Here In-1 is the identity matrix of size n-1 and X' is the conjugate transpose of X. kron(X, Y) is the Kronecker product between the matrices X and Y.

We approximate the smallest singular value of Zl with an upper bound. This is done by CLATDF.

An approximate error bound for a computed eigenvector VL(i) or VR(i) is given by

                    EPS * norm(A, B) / DIF(i).
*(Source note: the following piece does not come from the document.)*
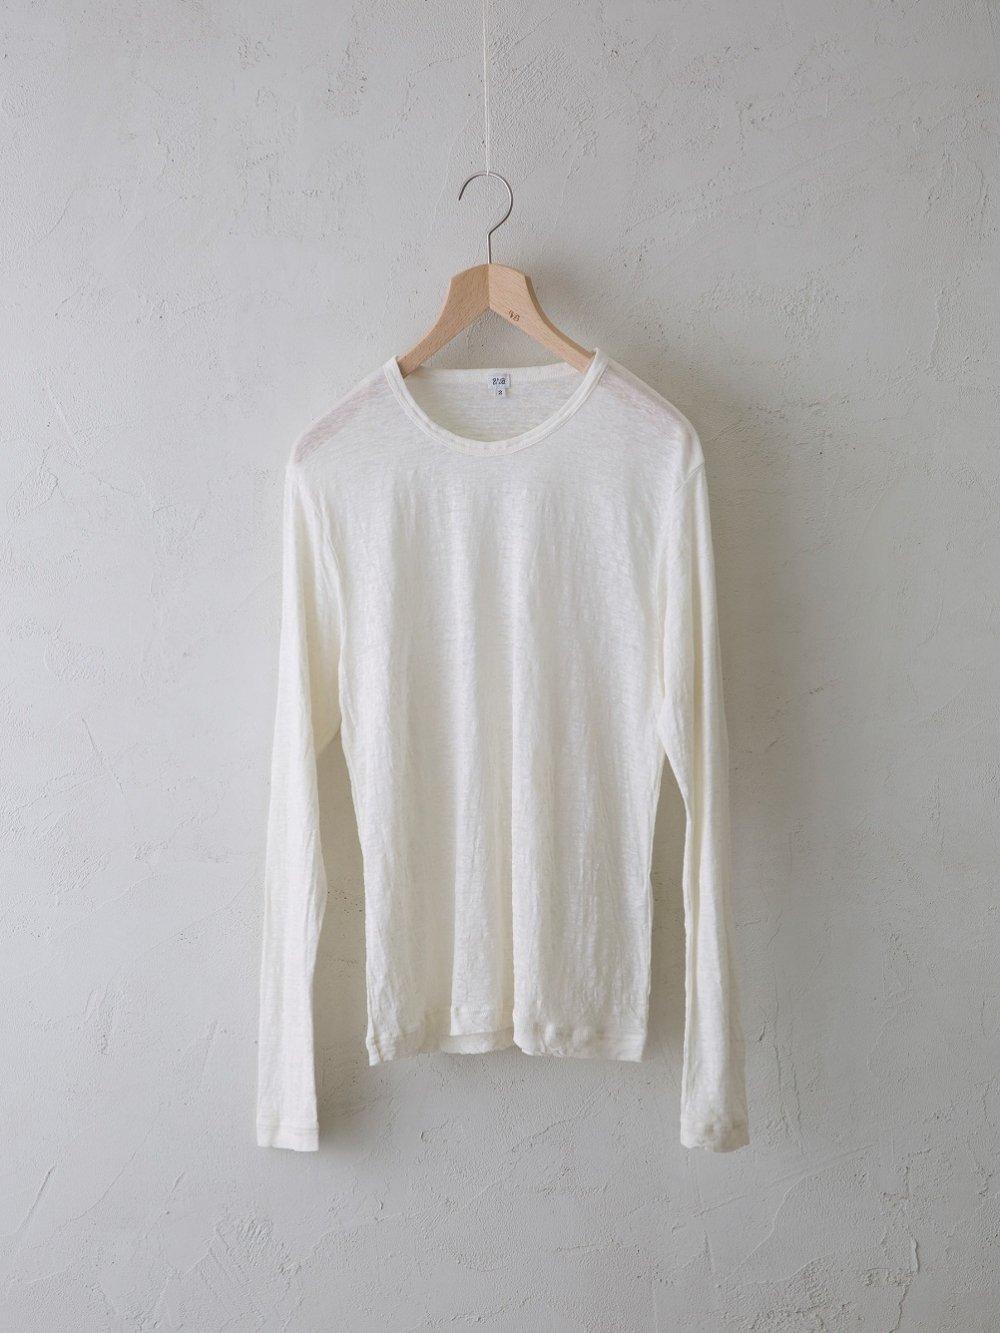 KL Light 長袖Tシャツ (Ladies' & Men's)
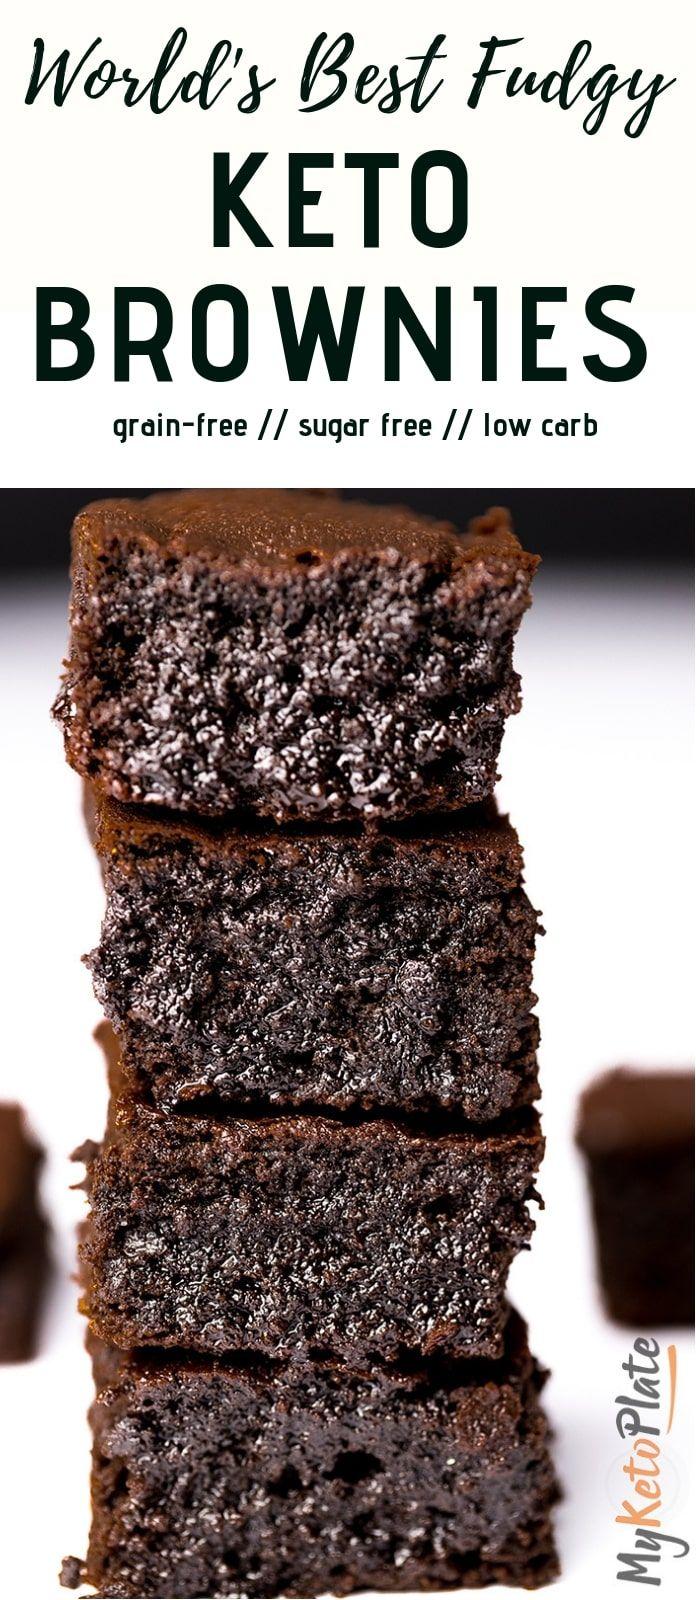 World S Best Fudgy Keto Brownies Recipe Keto Brownies Sugar

See ref. [2-3] for more details and further references.

Based on contributions by

   Bo Kagstrom and Peter Poromaa, Department of Computing Science,
   Umea University, S-901 87 Umea, Sweden.

References

 = = = = = = = = = =

[1] B. Kagstrom; A Direct Method for Reordering Eigenvalues in the Generalized Real Schur Form of a Regular Matrix Pair (A, B), in M.S. Moonen et al (eds), Linear Algebra for Large Scale and Real-Time Applications, Kluwer Academic Publ. 1993, pp 195-218.

[2] B. Kagstrom and P. Poromaa; Computing Eigenspaces with Specified Eigenvalues of a Regular Matrix Pair (A, B) and Condition Estimation: Theory, Algorithms and Software, Report

    UMINF - 94.04, Department of Computing Science, Umea University,
    S-901 87 Umea, Sweden, 1994. Also as LAPACK Working Note 87.
    To appear in Numerical Algorithms, 1996.

[3] B. Kagstrom and P. Poromaa, LAPACK-Style Algorithms and Software for Solving the Generalized Sylvester Equation and Estimating the Separation between Regular Matrix Pairs, Report UMINF - 93.23, Department of Computing Science, Umea University, S-901 87 Umea, Sweden, December 1993, Revised April 1994, Also as LAPACK Working Note 75.

    To appear in ACM Trans. on Math. Software, Vol 22, No 1, 1996.